After his retirement, McShain worked as a referee in Texas.

==Ring style==
McShain wrestled as a "tough guy", displaying a scientific yet dirty grappling style with stiff strikes; he proudly advertised his list of injuries to demonstrate the amount of punishment his body could take. He was also known for blading, as he often cut his own forehead during matches to draw blood. McShain was a stiff worker, as he put legitimate force behind his punches and made contact with his opponents rather than pretending to hit them. He used a piledriver as one of his ring moves, in which he would hold his opponents upside-down and then drop them head-first to the ring floor. McShain attributed the piledriver to the deaths of two opponents.

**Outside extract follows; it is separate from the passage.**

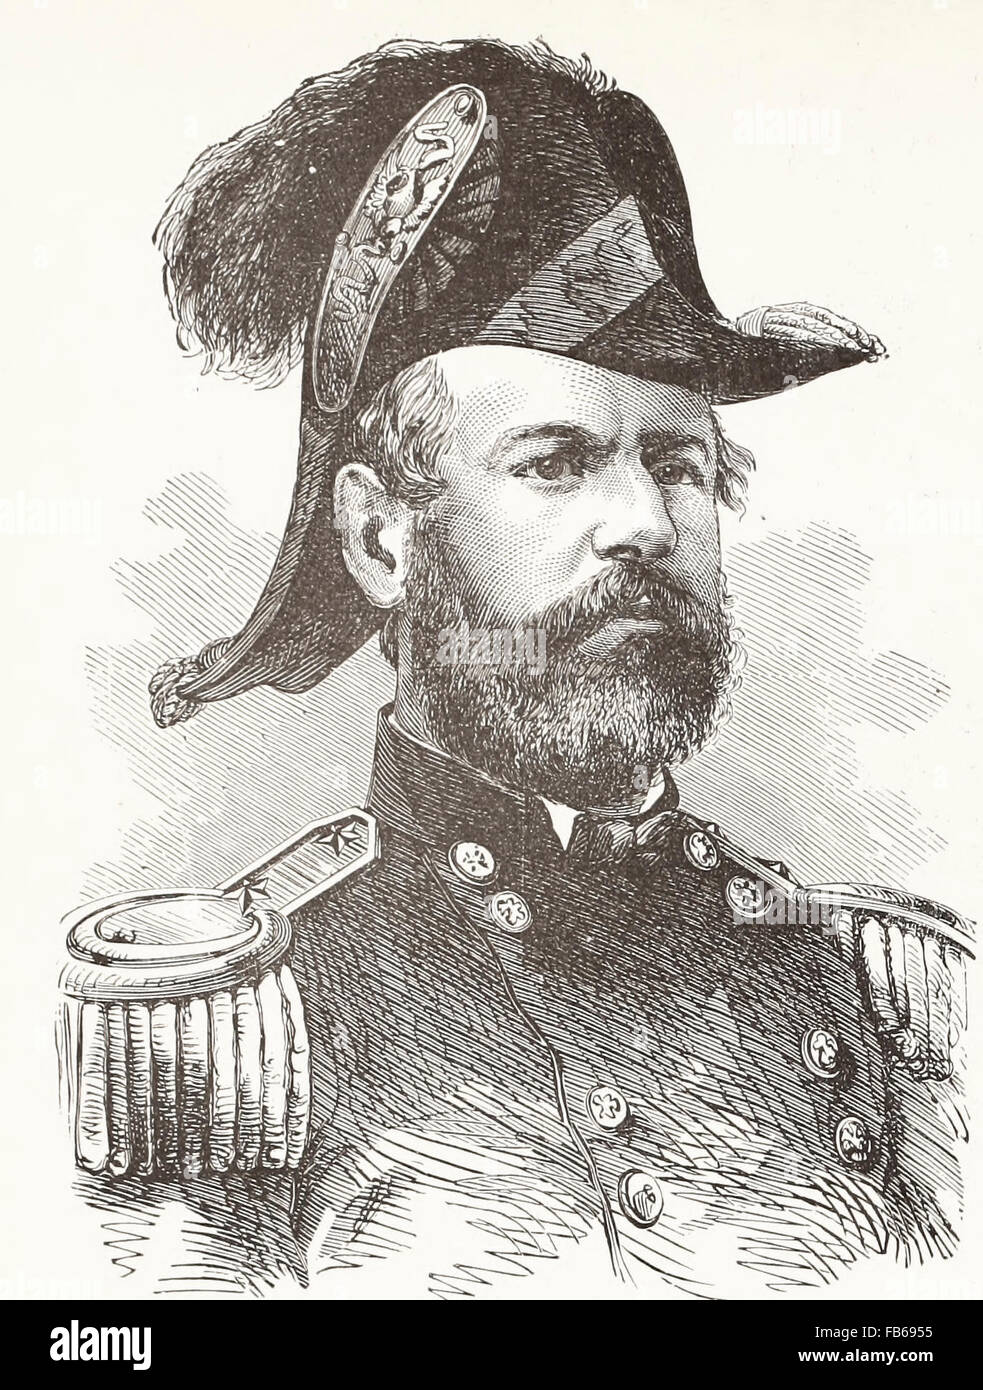 General Fitzjohn Porter - Fitz John Porter was a career United States Army officer and a Union General during the American Civil War. He is most known for his performance at the Second Battle of Bull Run and his subsequent court martial. Stock Photo

McShain used a cocky strut to anger opponents and spectators. His brother-in-law Donn Lewin stated that the strut was so arrogant that it "made you want to kill him" and that he walked the same way in real life. McShain was arrested once after starting a riot by spitting tobacco juice from his trademark cigar on an opponent. His behavior was considered so inappropriate that he was summoned to appear in front of the Texas Gaming Commission. He was also the subject of another inquiry, as he changed the pre-planned outcome of a bout midway through the match. Because there was a championship on the line and two promoters were arguing over the wrestling territory in which the match took place, the United States Department of Justice became involved. The match was the origin of the rule used in many promotions that prevents a title belt from changing hands when the match ends with a disqualification. Following his end to in ring action he worked as a referee in Houston.

==Personal life==
In a match against Donn Lewin, McShain broke Lewin's nose. Shortly thereafter, Lewin's father invited McShain to dinner. McShain met Donn's sister Sallee, whom he later married.

McShain appeared in the 1949 movie The Inspector General, as well as several other films. He died in Alvin, Texas on July 14, 1992.

==Championships and accomplishments==
- Midwest Wrestling Association
  - MWA American Tag Team Championship (1 time)
- National Wrestling Association
  - NWA World Light Heavyweight Championship (10 times)
- NWA Mid-America
  - NWA World Junior Heavyweight Championship (1 time)
- Southwest Sports, Inc.
  - NWA Texas Heavyweight Championship (7 times)
  - NWA Brass Knuckles Championship (Texas version) (6 times)
  - NWA World Tag Team Championship (6 times) - with Joe Christie
- Professional Wrestling Hall of Fame and Museum
  - (Class of 2010)
- Wrestling Observer Newsletter
  - Wrestling Observer Newsletter Hall of Fame (Class of 1996)
^{1}McShain won the title once just briefly before the formation of the National Wrestling Alliance when the title was simply referred to as the Texas Heavyweight Championship.